En esta actividad, analizarás las secuencias de virus del Ebola que fueron aisladas de pacientes
en Sierra Leona durante el brote de 2013–2016, con el fin de rastrear la propagación del virus.

Piensa como un científico: La selección natural durante un brote (Think Like a Scientist: Natural
Selection in an Outbreak) (https://www.youtube.com/watch?v=iMuICicNvQk)
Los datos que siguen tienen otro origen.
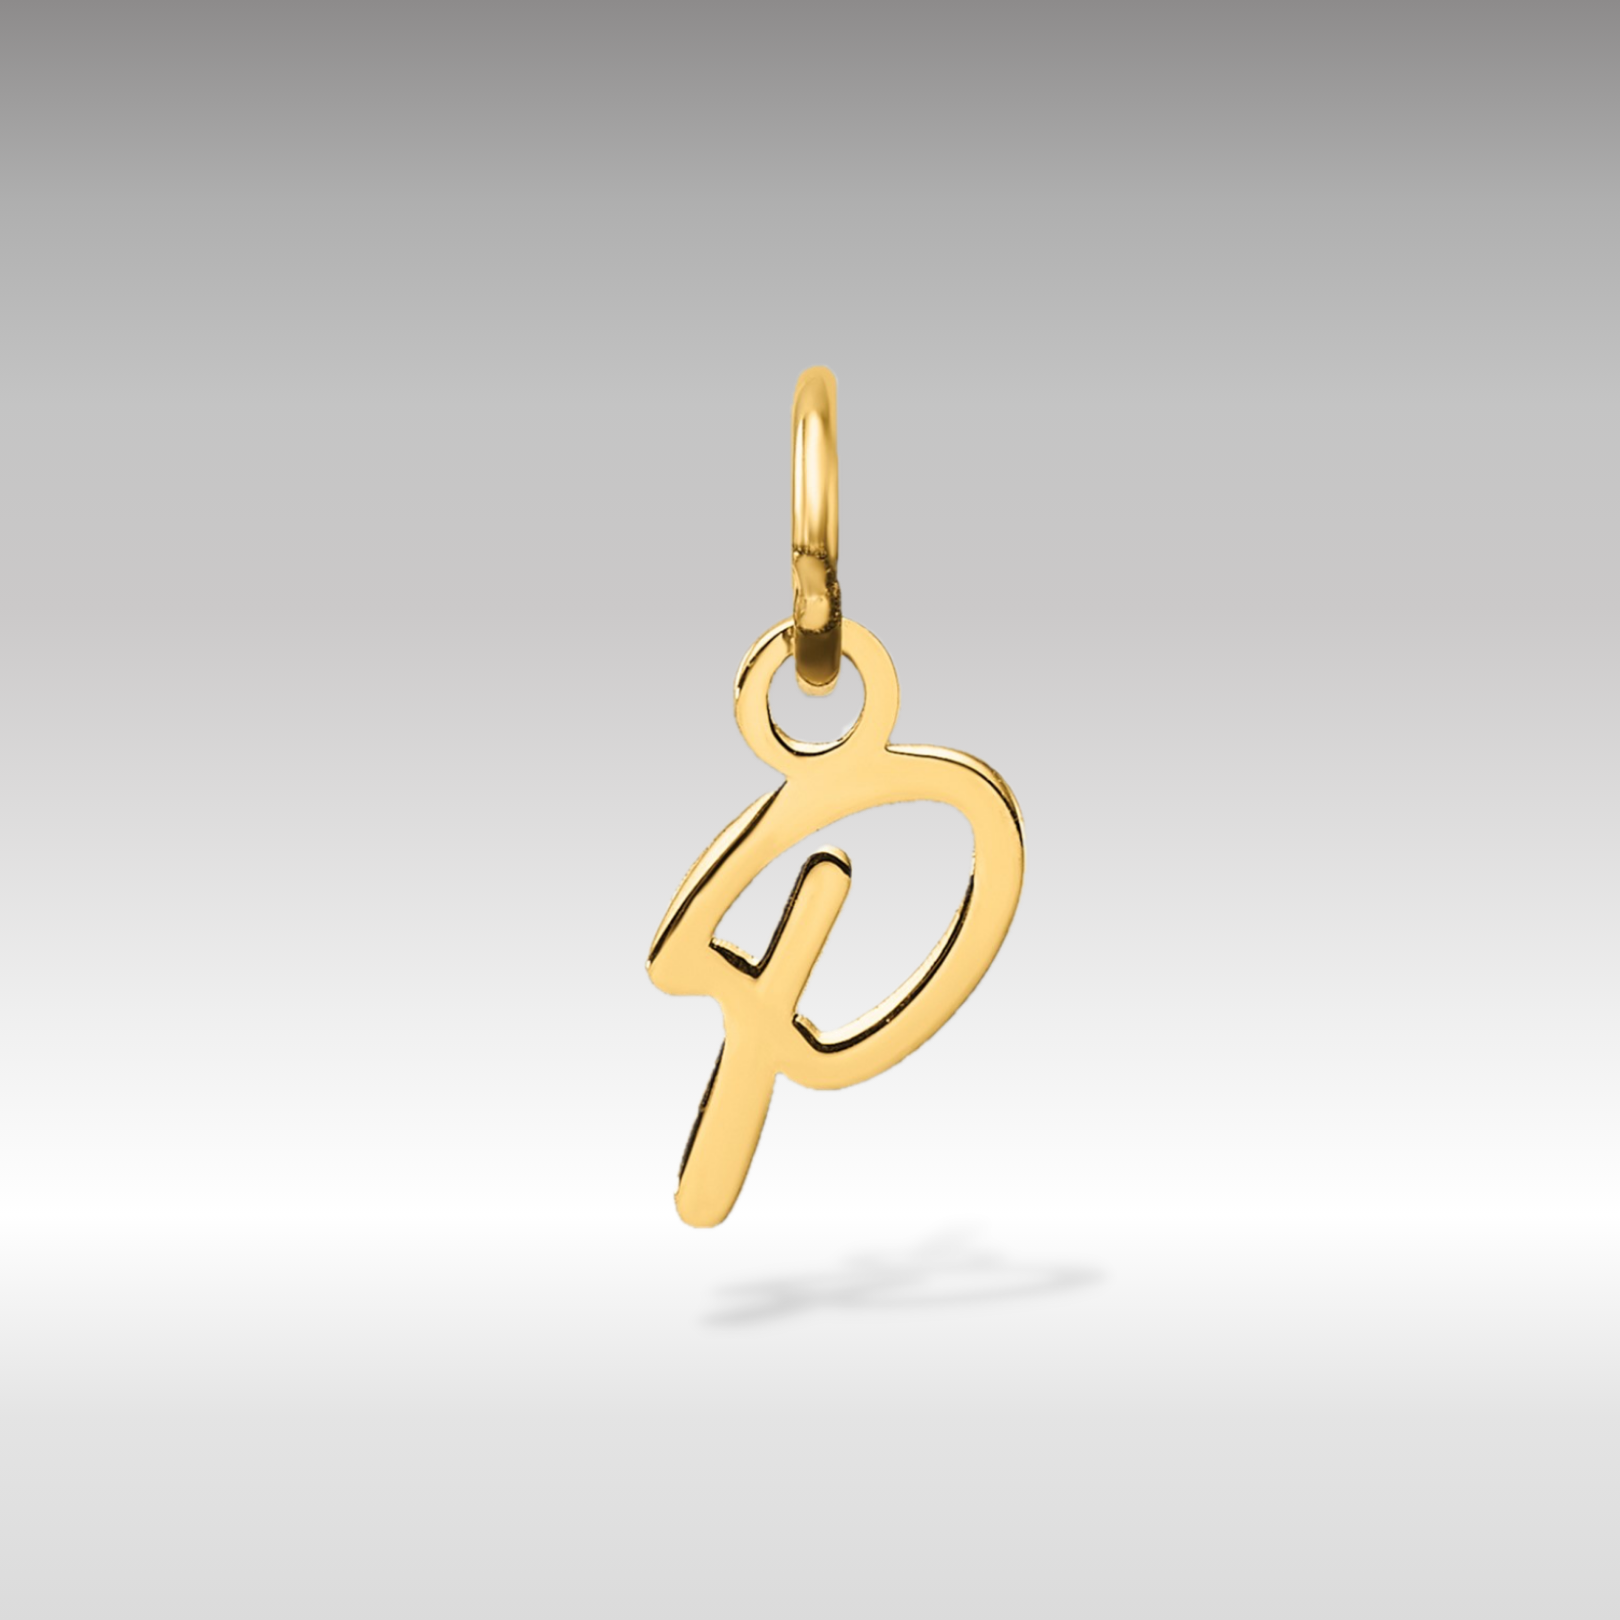 14K Gold Small Script Letter "P" Initial Pendant - Charlie & Co. Jewelry

Considerando lo que viste en el video y lo que discutieron las Dras. Sabeti y Moses, identifica
tres factores que contribuyeron al número de individuos infectados durante el brote de Ebola.
1. Delimitación de zonas urbanas: El primer caso se dio por un contagio zoonótoco entre un
humano y un murciélago en Guinea, África, duarante el 2013. Esto indica que la población
de Guinea está en frecuente contacto con animales que tienen potencial de contagiar
enfermedades zoonóticas. Es que no debe ser de solamente el Ebola la única enfermedad
zoonótica frecuente en la zona, ya que los murciélagos son vectores de varios virus y otros
patógenos humanos. A su vez, en Guinea al menos, no se minimiza la intercacción entre
estos animales que portan agentes infecciosos y los humanos.
2. Modo de contagio: El virus es particularmente virulento porque puede transmitirse por
contacto, desde fluídos, como el sudor o la sangre, de alguien infectado hacia un humano
sano. Esto hace al virus altamente virtulento e incrementa la tasa de contagio. Si es que una
persona se infecta y empieza a desarrollar síntomas y su familia o personal de salud intentan
cuidar de él, también ellos van a terminar infectados. Moses dijo que este virus se transmite
por amor, es decir, que el mero hecho de cuidar a alguien infectado de Ebola sin conocer
sobre la patogenicidad del virus, hará que una exista una transmisión del virus. De acuerdo
a Sabeti, el riesgo de muerte para empleadores de la salud es 20 veces mayor que el de la
población en general y eso se debe a que ellos están en contacto con el virus de manera más
frecuente. Una persona infectada de cierta manera podría hasta evitar contagiar si conoce
las vías de transmisión, pero el personal de salud siempre estará atendiendo a enfermos.
3. Mutaciones favorables: El virus del Ebola pudo haber adquirido mutaciones que
favorecieran su transmisión e infección a humanos mientras infectó poblaciones de animale
y de humanos. Mi hipótesis se parece a lo que menciona Sabeti: que el virus mutó primero
durante su propagación dentro de las poblaciones de animales infectados en contacto,
previo a los humanos, como puede ser murciélagos u otro animal más emparentado con
humanos dentro del grupo de los primates, o incluso con los mismos humanos. Luego
ocurrió un primer brote que le permitió al virus adaptarse gradualmente al cuerpo humano,
hasta que finalmente se vieron los grandes brotes desde el año 2013.
4. Movilidad y sistema de salud: En el video se habla sobre estos dos factores y su contribución
con la alta tasa de transmisión del Ebola dentro de África central. Primero, en Sierra Leona
ocurrió un brote en un periodo político conflictivo, después de la guerra civil, para la gente
de aquella nación. Su sistema de salud no tenía la capacidad de sustentar un brote infeccioso
masivo, es decir, tratar a tantas personas infectadas a la vez ni enseñar sobre formas de
prevenir los contagios. Solo funcionaba el hospital de Kenema. Sabiendo la vía de
transmisión del virus, se puede saber que es muy facil contagiar o adquirir la enfermeda d.
Por ello el brote llegó a tener tantos pacientes infectados por día gracias a la gran movilidad
de la gente en Sierra Leona. Las carreteras eran siempre buenas y la gente se movía de un
laro a otro debido a sus actividades económicas.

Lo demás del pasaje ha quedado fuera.